(Activity) Transcribe exactly the lines from the one containing "Personalized Pregnancy Announcement, IVF" through the end of the data, both included. Leave out pictures.

(Provided material)
+--

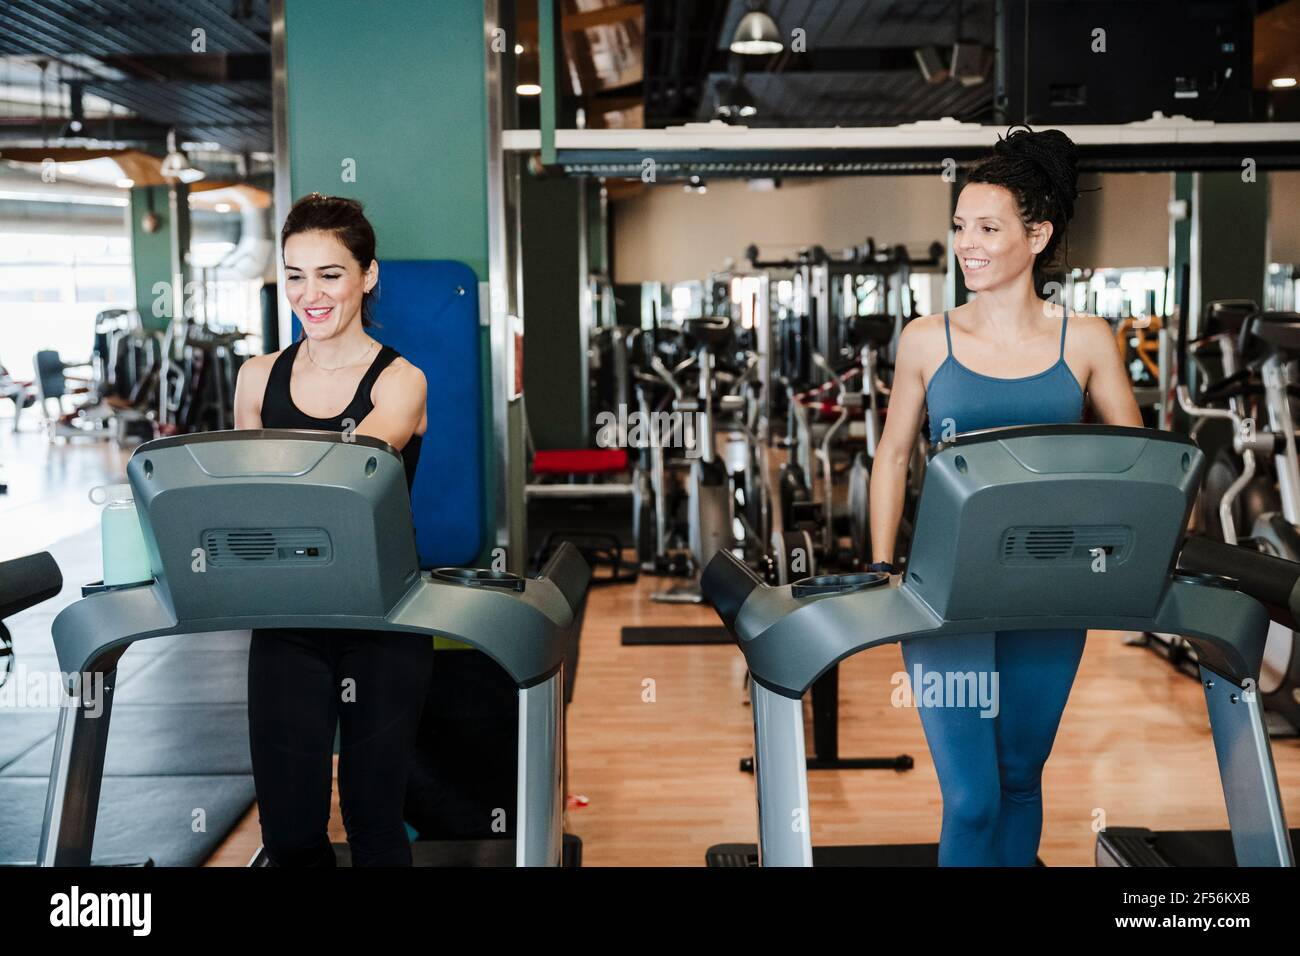 Smiling female athletes exercising on treadmill in health club Stock Photo
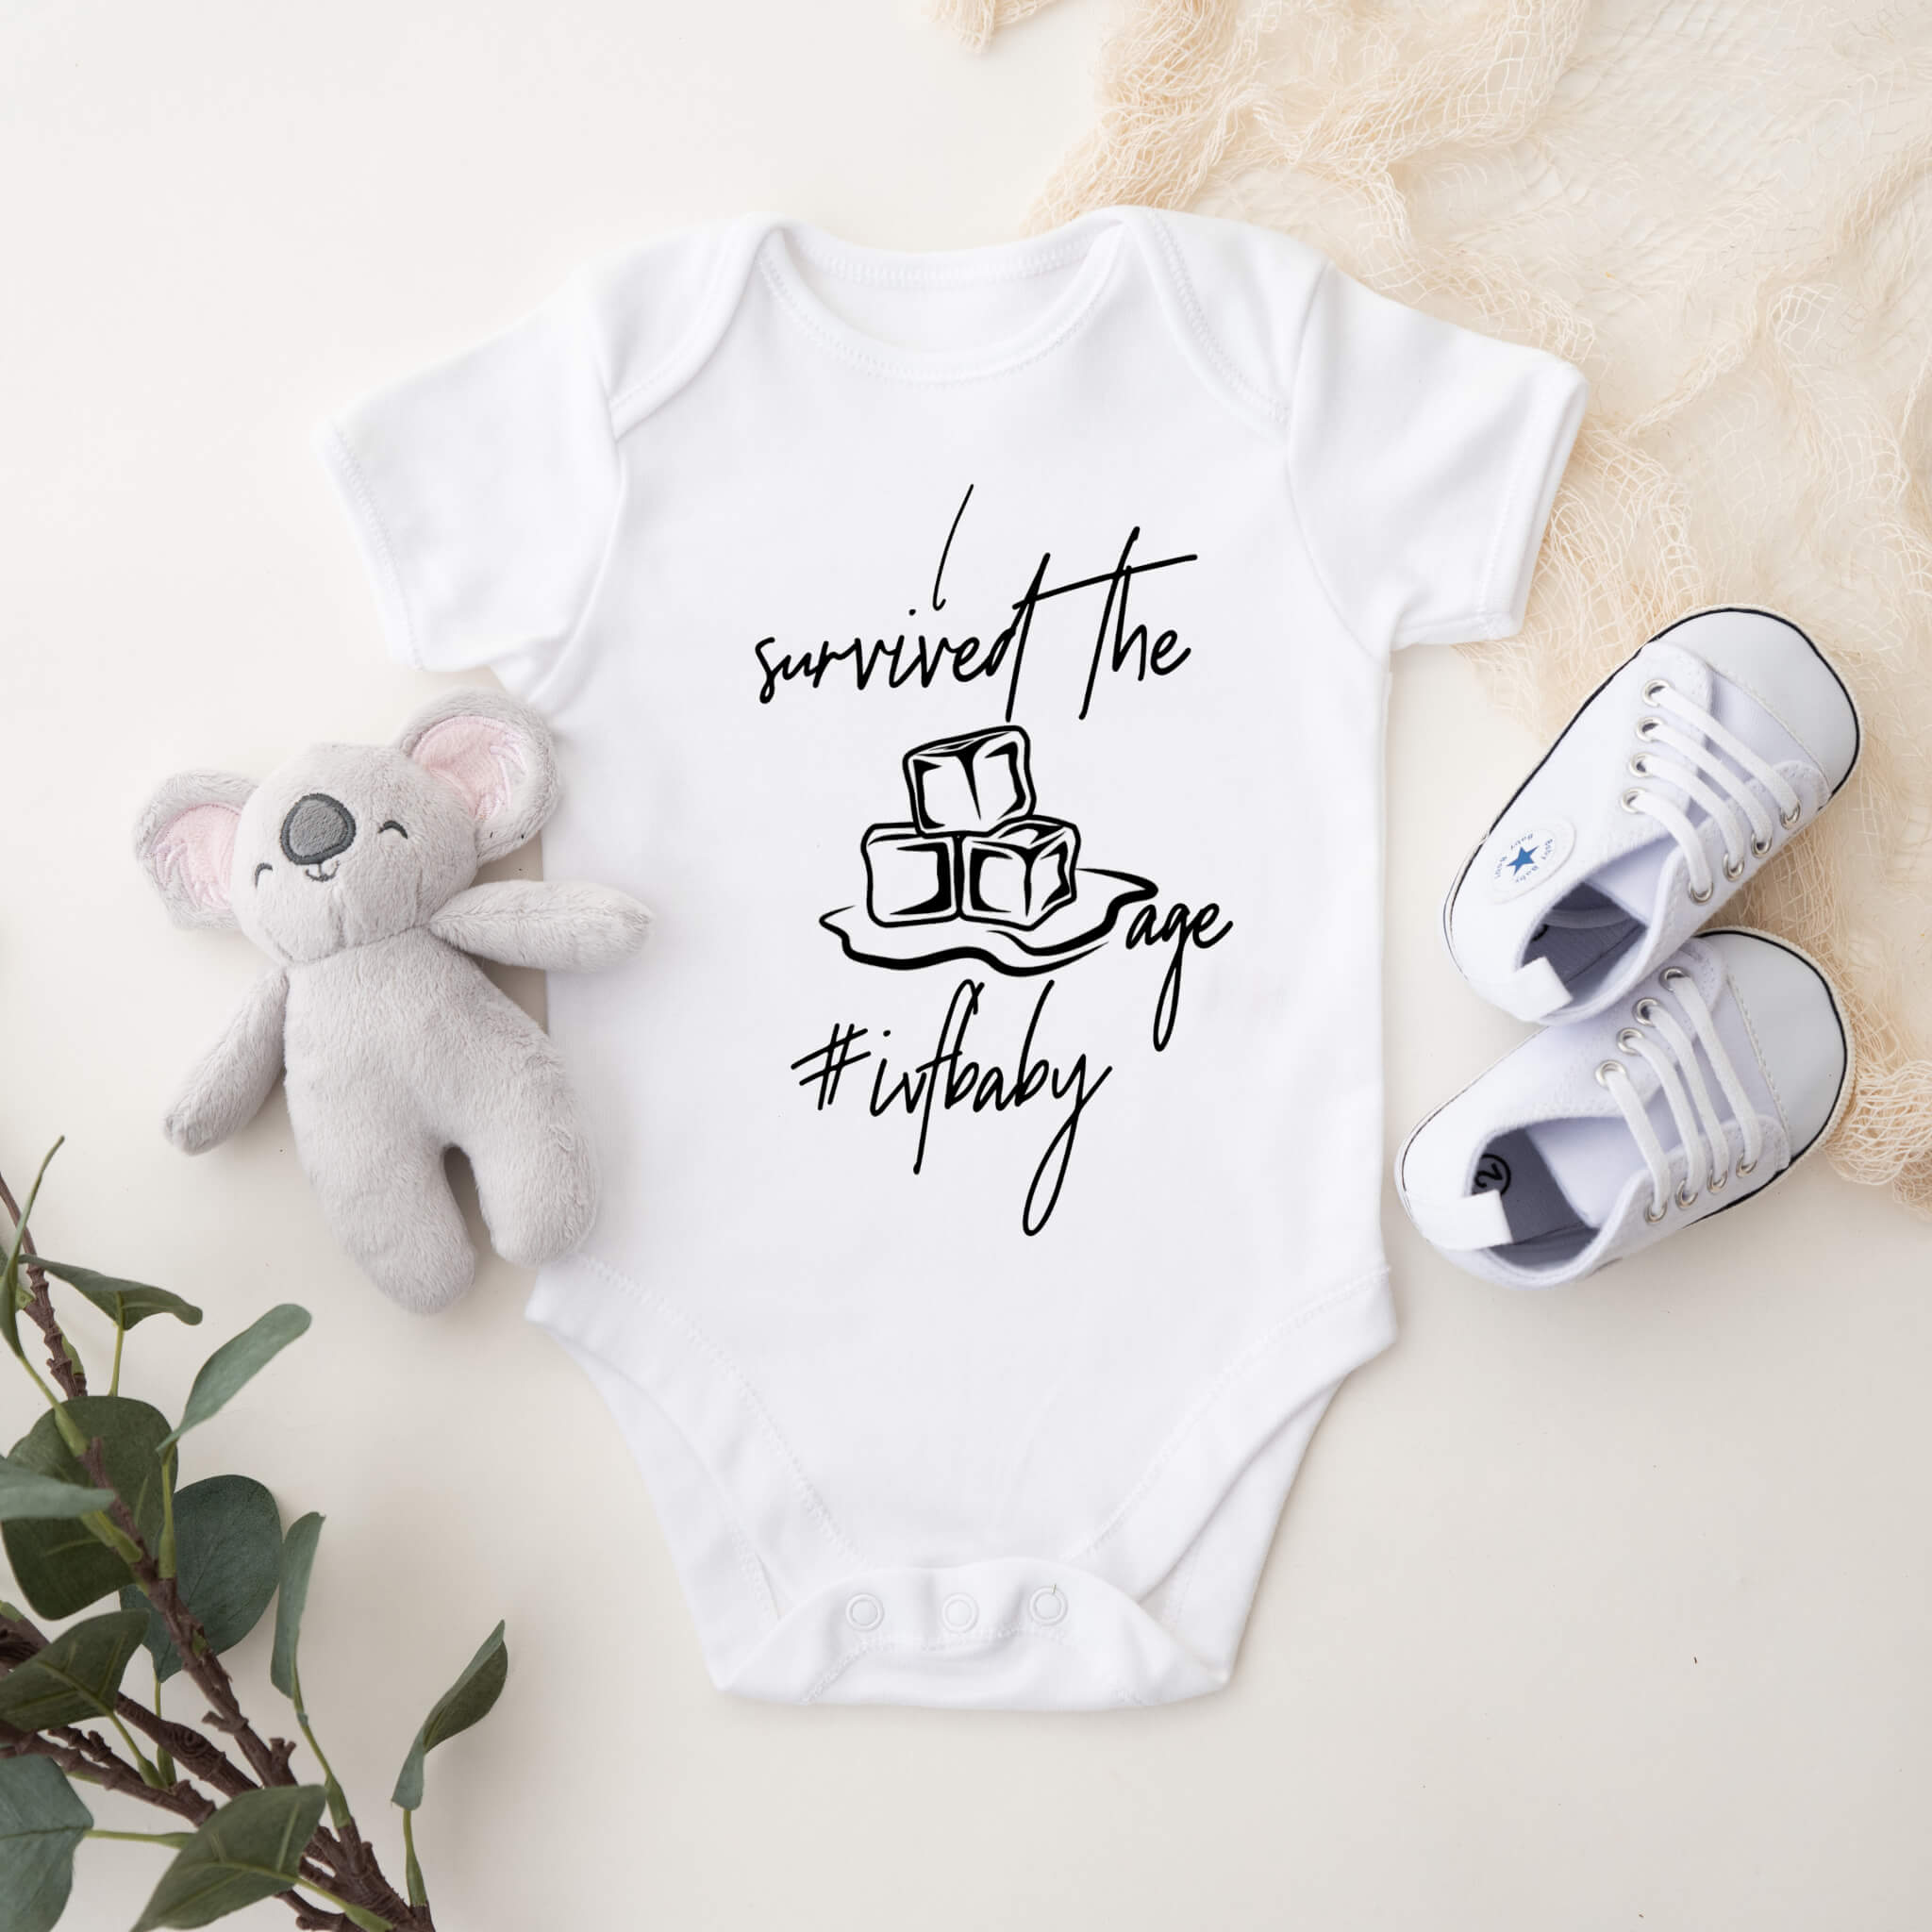 Personalized Pregnancy Announcement, IVF I Survived The Ice Age, Dad, Grandma, Grandpa, Auntie, Uncle To Be, Customized Baby Announcement Onesie
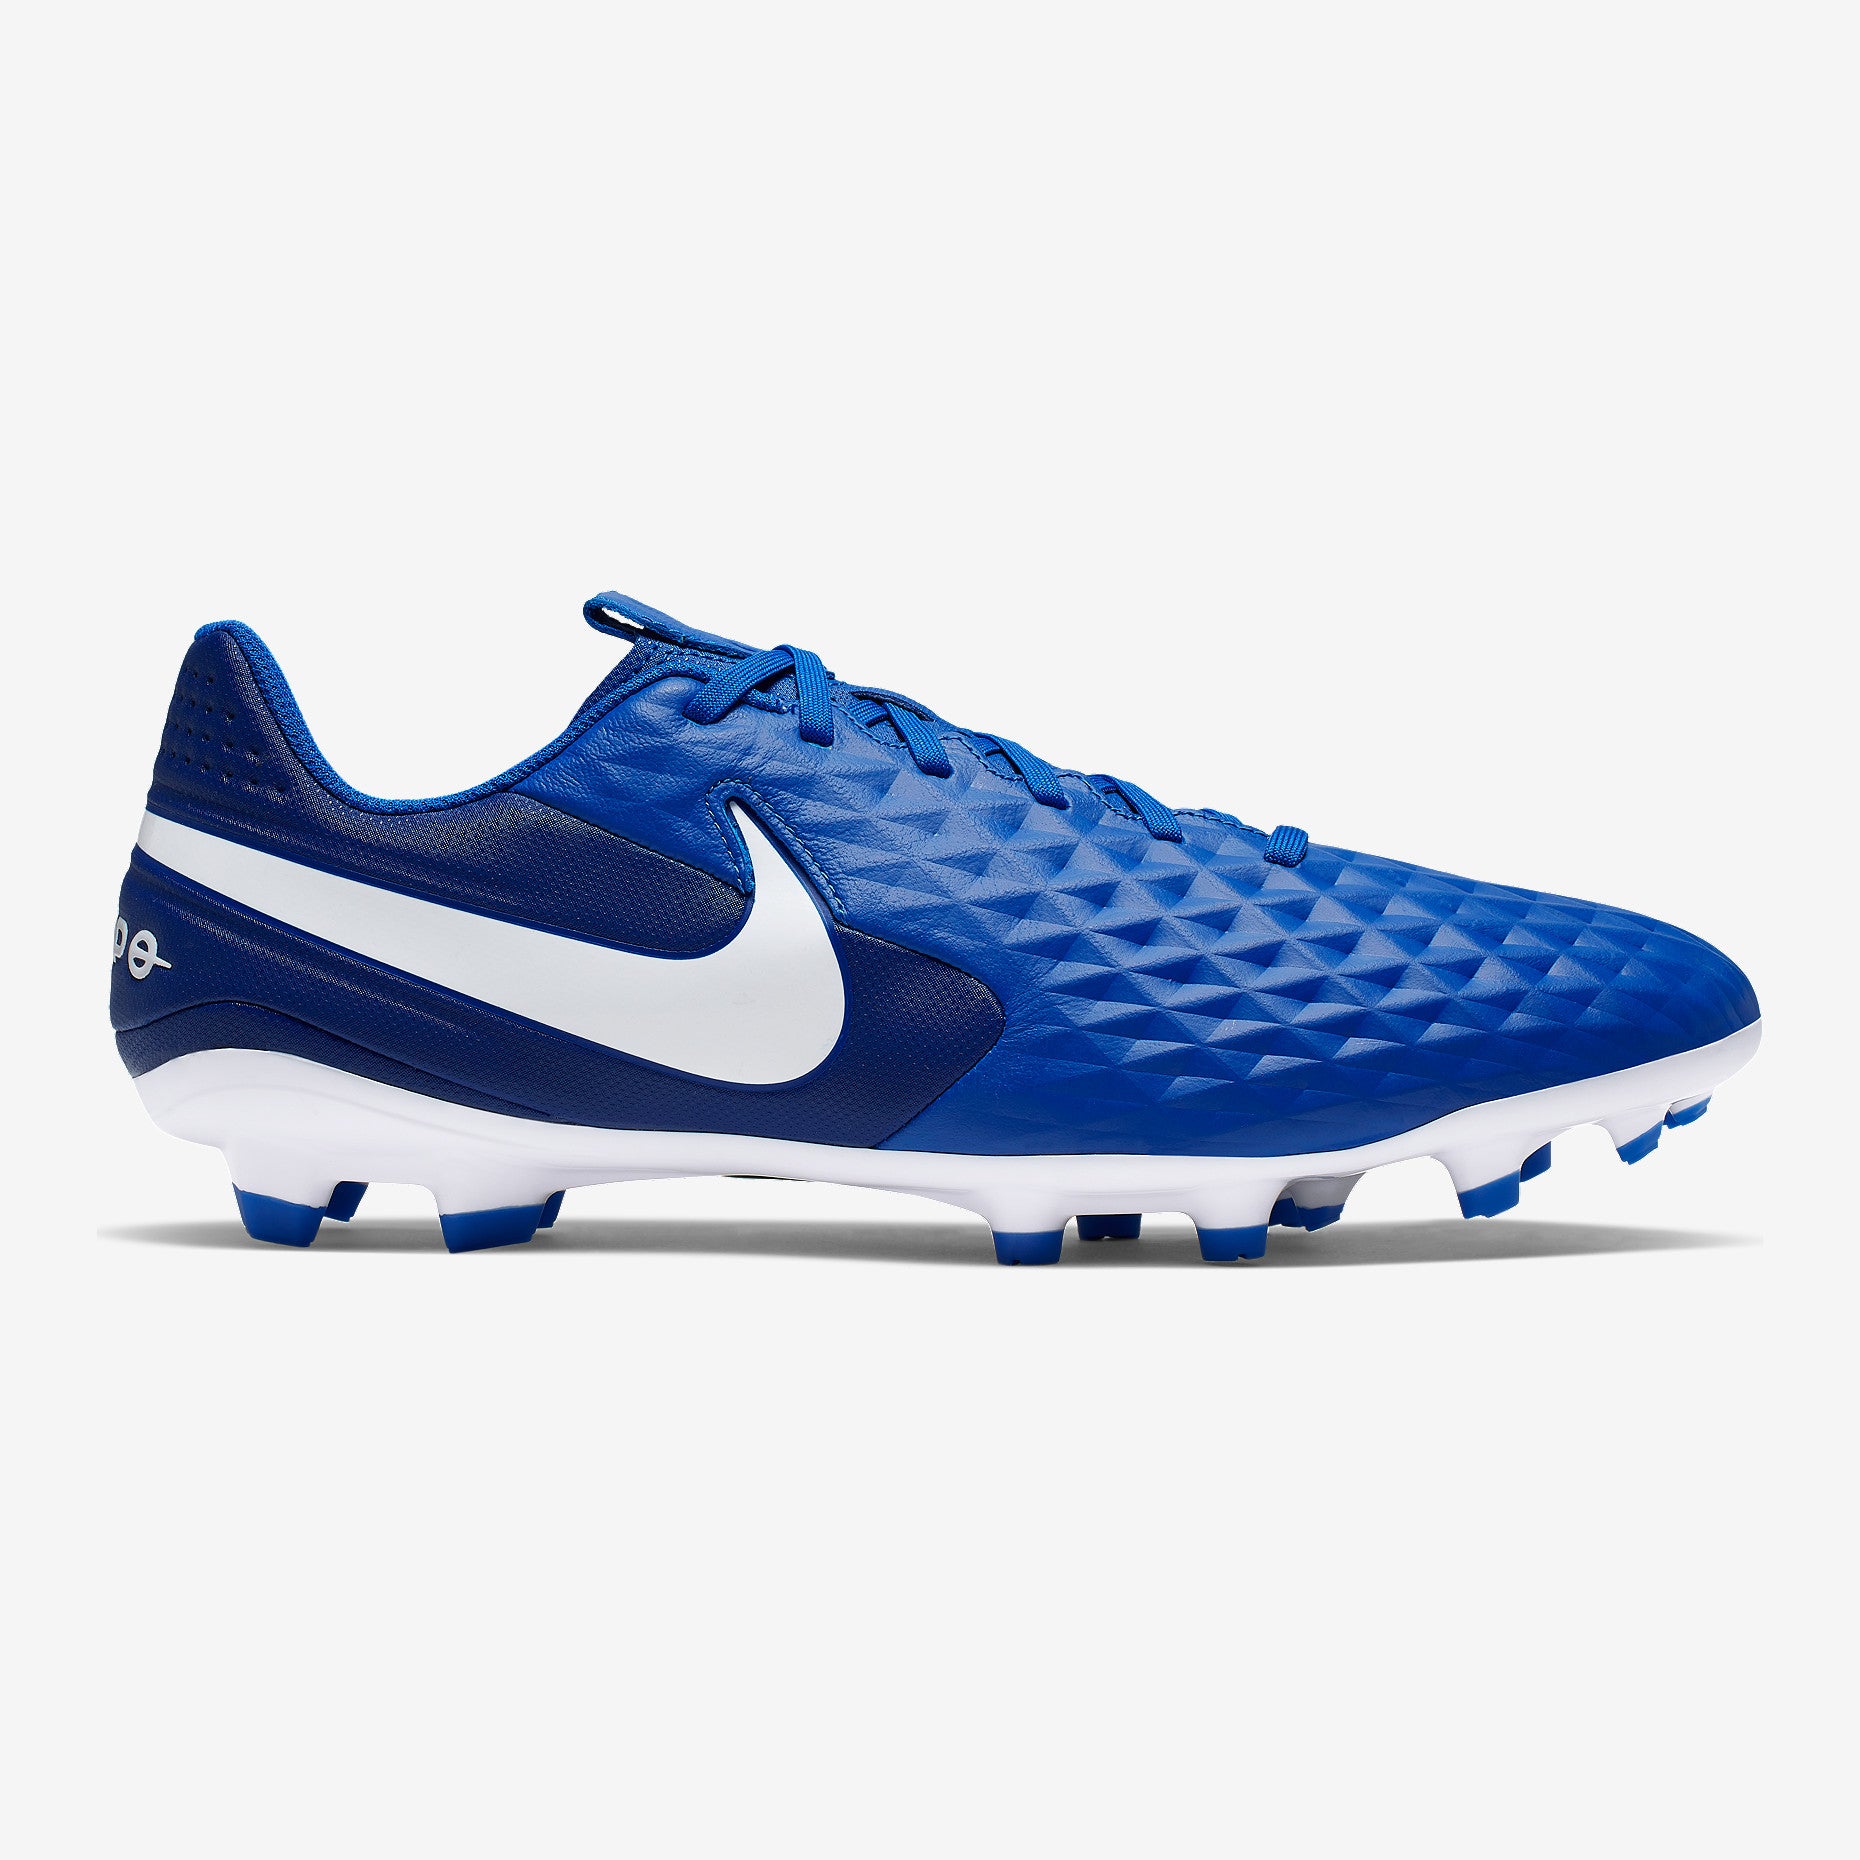 Nike Unisex Adults Time Legend 8 Academy Ic Soccer Shoe

+--

(Task result)
 Personalized Pregnancy Announcement, IVF I Survived The Ice Age, Dad, Grandma, Grandpa, Auntie, Uncle To Be, Customized Baby Announcement Onesie
 Nike Unisex Adults Time Legend 8 Academy Ic Soccer Shoe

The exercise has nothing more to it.